Data for processing —
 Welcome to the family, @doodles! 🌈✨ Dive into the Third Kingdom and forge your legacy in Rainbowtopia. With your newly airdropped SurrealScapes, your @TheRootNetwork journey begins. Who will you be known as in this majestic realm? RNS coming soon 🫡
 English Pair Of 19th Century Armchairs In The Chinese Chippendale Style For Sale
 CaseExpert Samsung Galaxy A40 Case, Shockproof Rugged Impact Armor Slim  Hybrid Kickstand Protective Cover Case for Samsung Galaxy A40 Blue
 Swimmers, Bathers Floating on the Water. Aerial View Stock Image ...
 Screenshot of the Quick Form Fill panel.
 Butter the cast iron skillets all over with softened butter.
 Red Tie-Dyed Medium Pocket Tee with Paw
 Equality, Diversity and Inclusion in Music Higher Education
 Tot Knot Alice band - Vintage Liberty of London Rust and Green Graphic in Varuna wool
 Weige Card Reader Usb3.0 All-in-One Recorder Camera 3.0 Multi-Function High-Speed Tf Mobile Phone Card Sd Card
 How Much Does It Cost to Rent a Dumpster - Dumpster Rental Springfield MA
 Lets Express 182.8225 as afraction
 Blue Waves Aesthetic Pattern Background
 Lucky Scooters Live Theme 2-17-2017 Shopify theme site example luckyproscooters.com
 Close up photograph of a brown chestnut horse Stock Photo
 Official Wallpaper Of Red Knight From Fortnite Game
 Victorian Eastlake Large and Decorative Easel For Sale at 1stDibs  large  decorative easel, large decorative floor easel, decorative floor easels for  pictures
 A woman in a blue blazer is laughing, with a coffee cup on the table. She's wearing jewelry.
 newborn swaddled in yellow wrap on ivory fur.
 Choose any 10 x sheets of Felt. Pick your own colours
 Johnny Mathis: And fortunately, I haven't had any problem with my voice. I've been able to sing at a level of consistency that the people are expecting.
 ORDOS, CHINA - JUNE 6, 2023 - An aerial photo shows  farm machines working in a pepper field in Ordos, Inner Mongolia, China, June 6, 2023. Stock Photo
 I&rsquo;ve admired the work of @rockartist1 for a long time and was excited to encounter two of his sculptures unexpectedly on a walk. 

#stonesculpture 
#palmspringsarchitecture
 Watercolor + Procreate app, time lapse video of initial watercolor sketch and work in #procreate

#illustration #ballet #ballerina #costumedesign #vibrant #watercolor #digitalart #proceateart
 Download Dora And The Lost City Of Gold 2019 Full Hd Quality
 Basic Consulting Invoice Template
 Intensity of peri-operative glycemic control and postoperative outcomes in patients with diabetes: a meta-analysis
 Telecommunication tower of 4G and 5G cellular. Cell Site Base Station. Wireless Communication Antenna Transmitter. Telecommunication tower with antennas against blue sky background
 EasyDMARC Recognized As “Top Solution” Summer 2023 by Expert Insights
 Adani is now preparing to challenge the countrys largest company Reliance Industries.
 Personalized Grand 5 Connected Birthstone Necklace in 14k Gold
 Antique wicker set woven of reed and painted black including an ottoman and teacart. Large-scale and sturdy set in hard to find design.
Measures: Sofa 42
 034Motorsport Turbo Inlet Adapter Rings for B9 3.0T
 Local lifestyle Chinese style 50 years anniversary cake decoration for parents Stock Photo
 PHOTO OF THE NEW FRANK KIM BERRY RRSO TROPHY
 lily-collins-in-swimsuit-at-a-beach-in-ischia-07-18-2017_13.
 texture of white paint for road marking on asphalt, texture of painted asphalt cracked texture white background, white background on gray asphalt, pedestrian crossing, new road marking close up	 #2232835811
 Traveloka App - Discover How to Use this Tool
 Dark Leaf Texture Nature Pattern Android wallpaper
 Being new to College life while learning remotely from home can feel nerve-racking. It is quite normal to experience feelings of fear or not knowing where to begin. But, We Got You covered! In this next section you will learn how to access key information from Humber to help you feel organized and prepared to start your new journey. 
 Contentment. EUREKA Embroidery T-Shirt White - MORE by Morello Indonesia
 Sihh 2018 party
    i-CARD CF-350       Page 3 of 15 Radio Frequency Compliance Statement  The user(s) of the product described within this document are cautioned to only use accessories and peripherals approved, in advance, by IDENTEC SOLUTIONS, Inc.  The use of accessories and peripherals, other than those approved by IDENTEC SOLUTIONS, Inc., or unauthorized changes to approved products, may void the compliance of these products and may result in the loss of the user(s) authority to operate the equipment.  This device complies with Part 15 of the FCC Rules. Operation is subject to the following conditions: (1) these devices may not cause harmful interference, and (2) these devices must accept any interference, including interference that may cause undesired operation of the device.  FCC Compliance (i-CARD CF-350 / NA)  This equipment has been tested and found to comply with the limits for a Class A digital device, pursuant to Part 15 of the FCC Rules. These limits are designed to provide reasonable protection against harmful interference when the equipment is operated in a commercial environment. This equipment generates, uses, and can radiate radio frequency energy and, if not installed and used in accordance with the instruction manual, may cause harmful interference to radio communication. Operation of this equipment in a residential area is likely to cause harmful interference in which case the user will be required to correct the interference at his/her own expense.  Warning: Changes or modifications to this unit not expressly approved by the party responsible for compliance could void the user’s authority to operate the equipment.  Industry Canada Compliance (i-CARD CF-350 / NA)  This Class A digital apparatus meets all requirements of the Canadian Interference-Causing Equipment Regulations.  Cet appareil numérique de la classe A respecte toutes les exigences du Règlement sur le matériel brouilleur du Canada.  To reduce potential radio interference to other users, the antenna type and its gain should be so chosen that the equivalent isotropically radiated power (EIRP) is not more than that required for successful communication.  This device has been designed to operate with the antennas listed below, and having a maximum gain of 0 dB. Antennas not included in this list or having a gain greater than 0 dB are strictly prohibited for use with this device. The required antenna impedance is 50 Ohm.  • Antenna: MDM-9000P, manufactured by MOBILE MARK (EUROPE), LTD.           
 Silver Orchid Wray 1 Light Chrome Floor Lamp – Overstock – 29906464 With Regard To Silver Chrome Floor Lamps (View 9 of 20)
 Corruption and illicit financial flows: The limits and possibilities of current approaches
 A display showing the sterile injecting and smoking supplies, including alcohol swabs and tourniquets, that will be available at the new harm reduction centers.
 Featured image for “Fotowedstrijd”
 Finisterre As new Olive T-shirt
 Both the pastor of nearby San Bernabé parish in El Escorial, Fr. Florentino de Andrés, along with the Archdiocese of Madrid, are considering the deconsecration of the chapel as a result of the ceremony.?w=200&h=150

Exercise brief —
Give the exact lines, and only those, from the line containing "How Much Does" through the line containing "A woman in a" in the entries above.

Written response —
 How Much Does It Cost to Rent a Dumpster - Dumpster Rental Springfield MA
 Lets Express 182.8225 as afraction
 Blue Waves Aesthetic Pattern Background
 Lucky Scooters Live Theme 2-17-2017 Shopify theme site example luckyproscooters.com
 Close up photograph of a brown chestnut horse Stock Photo
 Official Wallpaper Of Red Knight From Fortnite Game
 Victorian Eastlake Large and Decorative Easel For Sale at 1stDibs  large  decorative easel, large decorative floor easel, decorative floor easels for  pictures
 A woman in a blue blazer is laughing, with a coffee cup on the table. She's wearing jewelry.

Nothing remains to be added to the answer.